Gli italiani in Nicaragua…
… da Sandino al primo Somoza.
di Bái Qiú’ēn
Le decían bandolero por mirar al sol de frente / quería tanto a su pueblo, no quería ser presidente. (Carlos Mejía Godoy, Eran 30 con él)
«Manifesto ai liberali nicaraguensi
«Correligionari e compañeros,
«Mi rivolgo a voi, dopo tre anni di valorosa lotta, per invitarvi ancora una volta a proseguire nell’azione liberatrice che il nostro esercito ha sostenuto, dopo il tradimento al nostro Partito Liberale ha fatto José María Moncada, venendo a patti con gli invasori yankee il 4 maggio 1927.
«[…] L’imposizione di Moncada alla Presidenza della Repubblica [per il periodo 1929-1933] dà l’opportunità, ai più volte traditori del nostro Partito Liberale, per soddisfare le loro ambizioni di guadagno personale.
«[…] Di fronte all’imposizione di Moncada, fatta dai pirati yankee, Siamo disposti a cacciarlo dal potere con le pallottole, fino al ristabilimento del Governo Nazionale. Moncada si limita a tutelare, come i conservatori, gli interessi degli yankee, poiché gli hanno dato il potere. Il Governo Nazionale, che oggi proclamiamo, si prenderà cura degli interessi dei figli del Paese, non di quelli dei pirati. Non spareremo una sola pallottola contro il liberalismo, e non crediamo che vi sia un solo liberale disposto a sparare contro di noi. Le nostre armi liberatrici le useremo soltanto contro il traditore Moncada e contro chi lo segue, poiché non sono liberali, ma traditori della Patria e del Partito. Le nostre armi liberatrici sono pronte a cacciare Moncada da quel potere che gli invasori gli hanno dato come ricompensa per il suo tradimento.
«El Chipotón, 1° gennaio 1929.
«Patria y Libertad».
***
Sono note le interviste a Sandino del radicale statunitense Carleton Beals (febbraio 1928) e del nazionalista basco Ramón de Belausteguigoitia (febbraio 1933), ma tra coloro che s’interessano del Nicaragua sono davvero pochi a sapere che pure un giornalista del regime fascista intervistò il Generale degli Uomini Liberi nel febbraio 1929 sulle montagne della zona di Jinotega dove aveva il suo Quartier Generale (El Chipote), circa un mese dopo la stesura del manifesto parzialmente riportato sopra. Si tratta dell’aretino autodidatta Mario Appelius, redattore viaggiante di Il Popolo d’Italia dal 1922 per volere del direttore Arnaldo Mussolini (che ne divenne il mentore), collaboratore di vari quotidiani e riviste tra i quali Il Mattino, La Nazione, La Gazzetta del Mezzogiorno, L’Illustrazione Italiana, Augustea. Dal 1941 divenne uno spregiudicato conduttore radiofonico all’EIAR con la sua rubrica quotidiana in coda al giornale-radio serale (Commenti ai fatti del giorno), guadagnandosi l’appellativo di «microfono del Duce» con le sue continue offese e volgarità.

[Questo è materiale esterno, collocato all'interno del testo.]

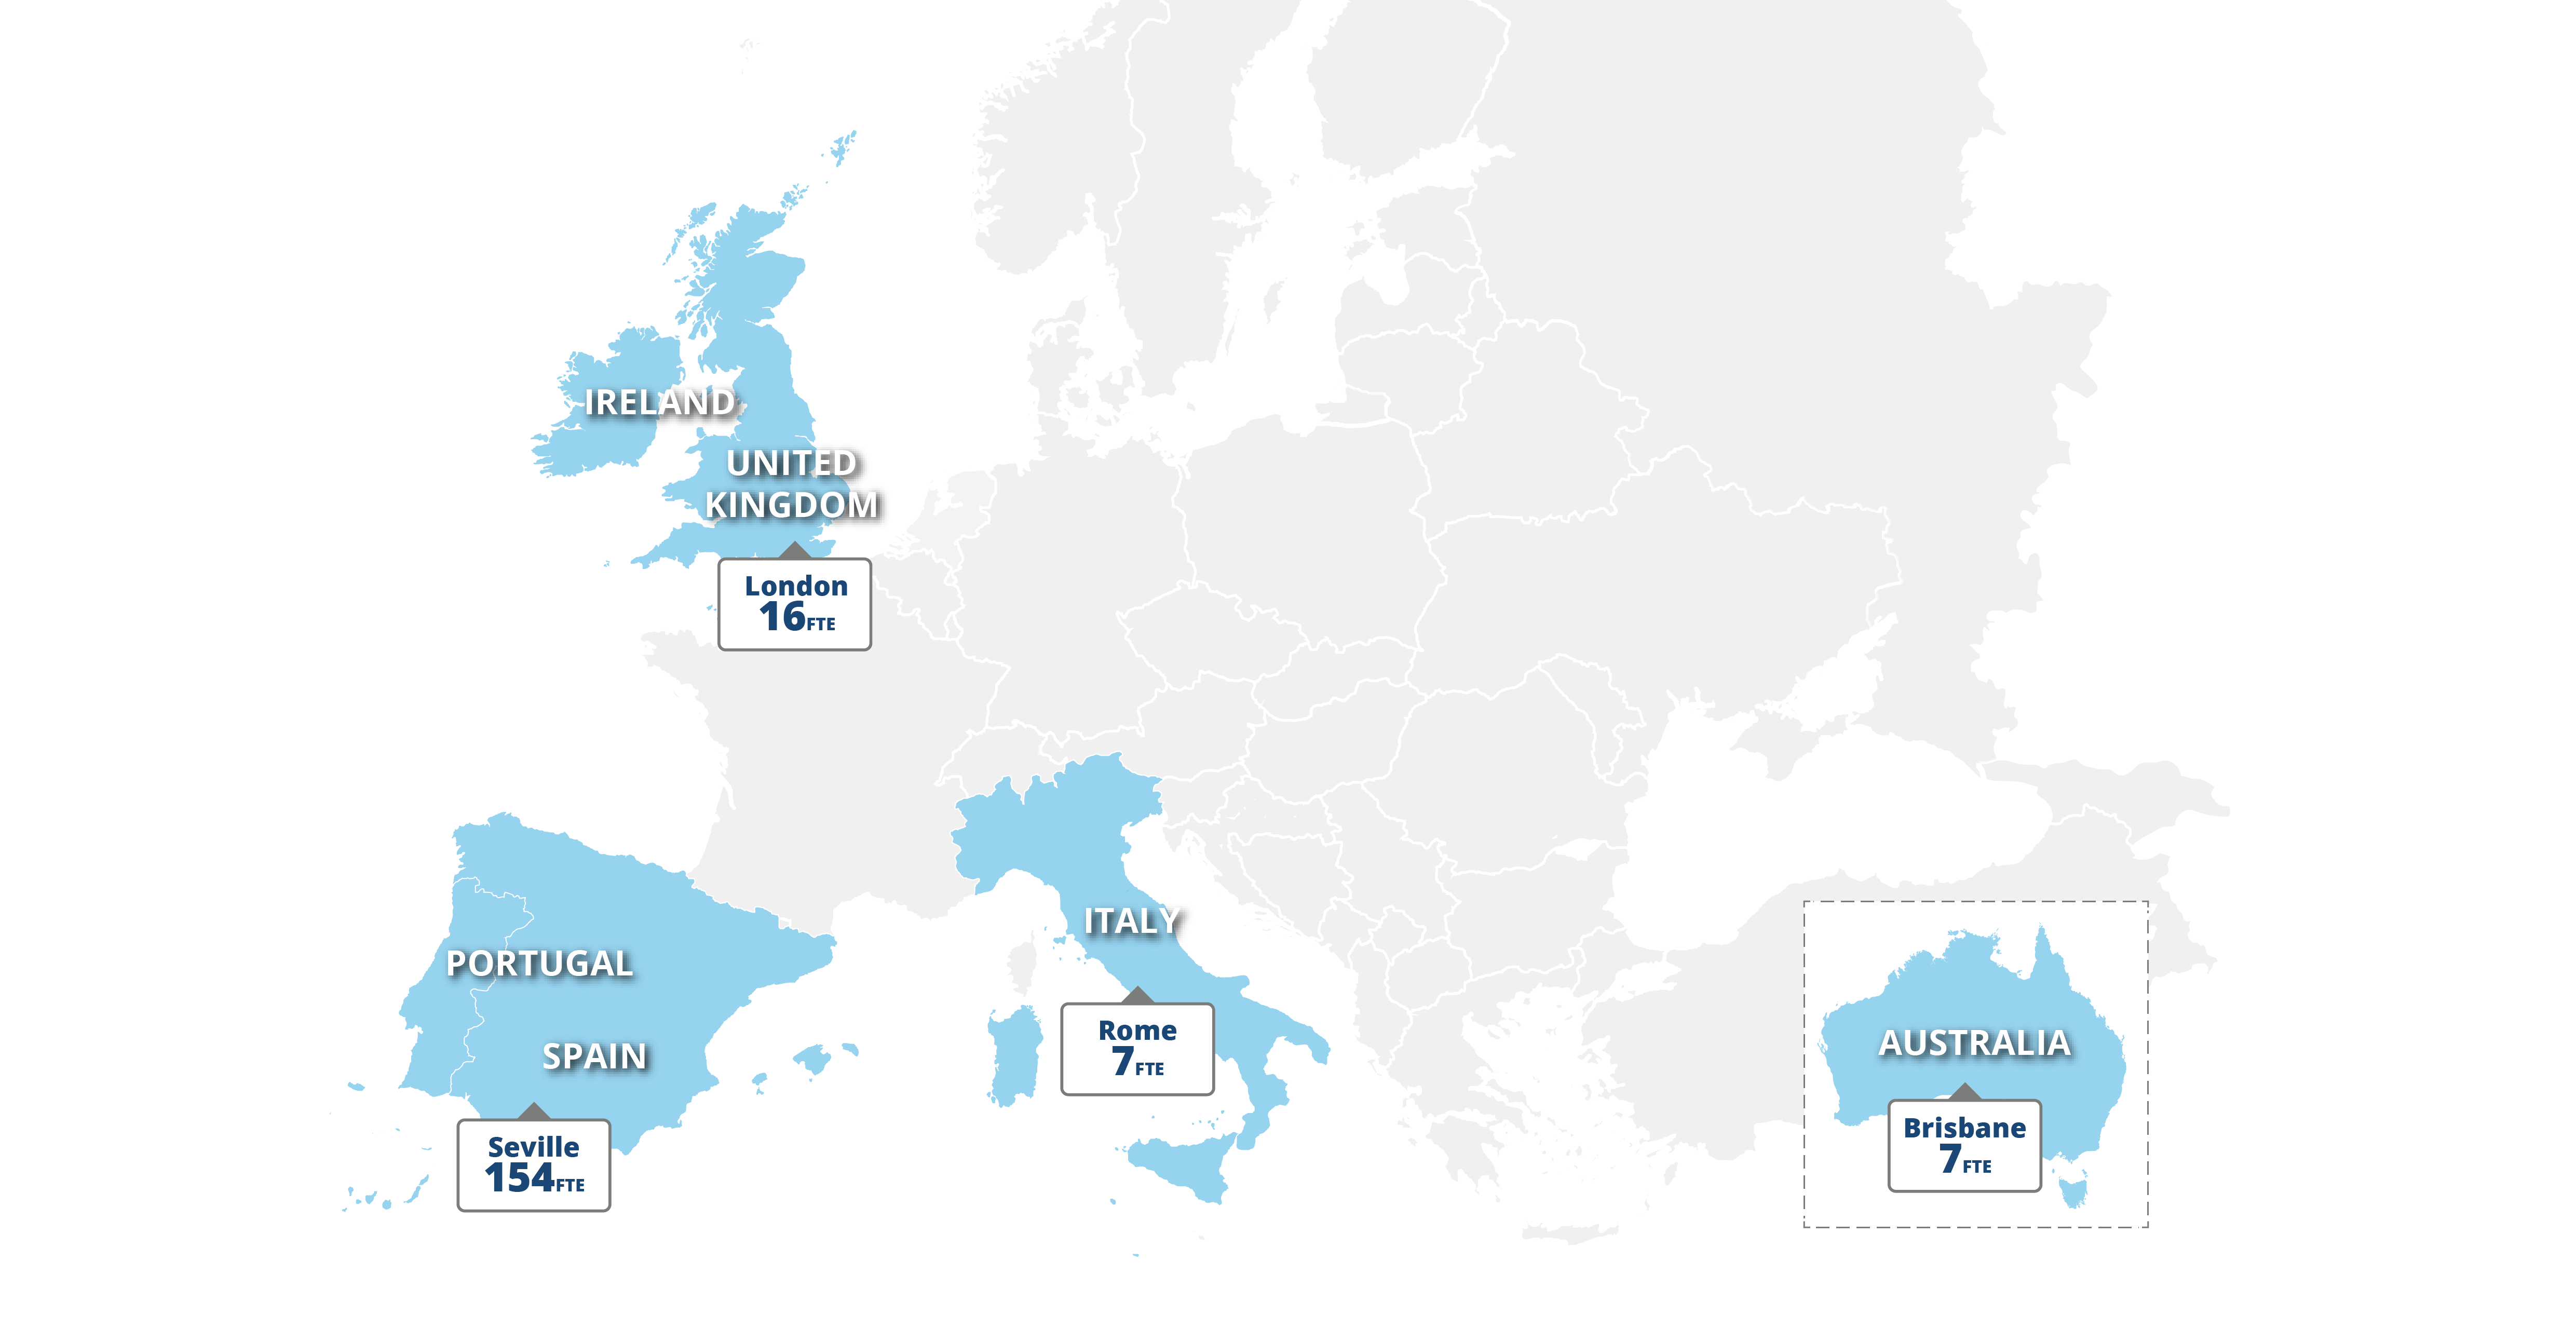 Europe Map AUS Landing

Ovviamente, per ragioni di precauzione, mantenne nel mistero l’itinerario che effettuò per giungere all’accampamento di Sandino, il quale, sapendo che in precedenza questo giornalista si era incontrato con Moncada detto El Canelo (Il Tonto), in carica dal precedente 1° gennaio, gli domandò: «Dove credono che io sia in questo momento, quelli di Managua?». «Nella zona di Tomayoya, tra Jinotega e San Rafael del Norte», rispose Appelius. Il dialogo riportato è assai generico e, al fondo, nulla aggiunge a ciò che si conosce delle idee di Sandino e della sua epopea liberatrice: «Io non tratto con il presidente Moncada, che si è lasciato comperare da Stimson [il colonnello Henry Stimson, rappresentante del presidente Calvin Coolidge e futuro Segretario di Stato con Herbert Hoover]. Io non ho ambizioni. Voglio solo che i nordamericani abbandonino il Nicaragua».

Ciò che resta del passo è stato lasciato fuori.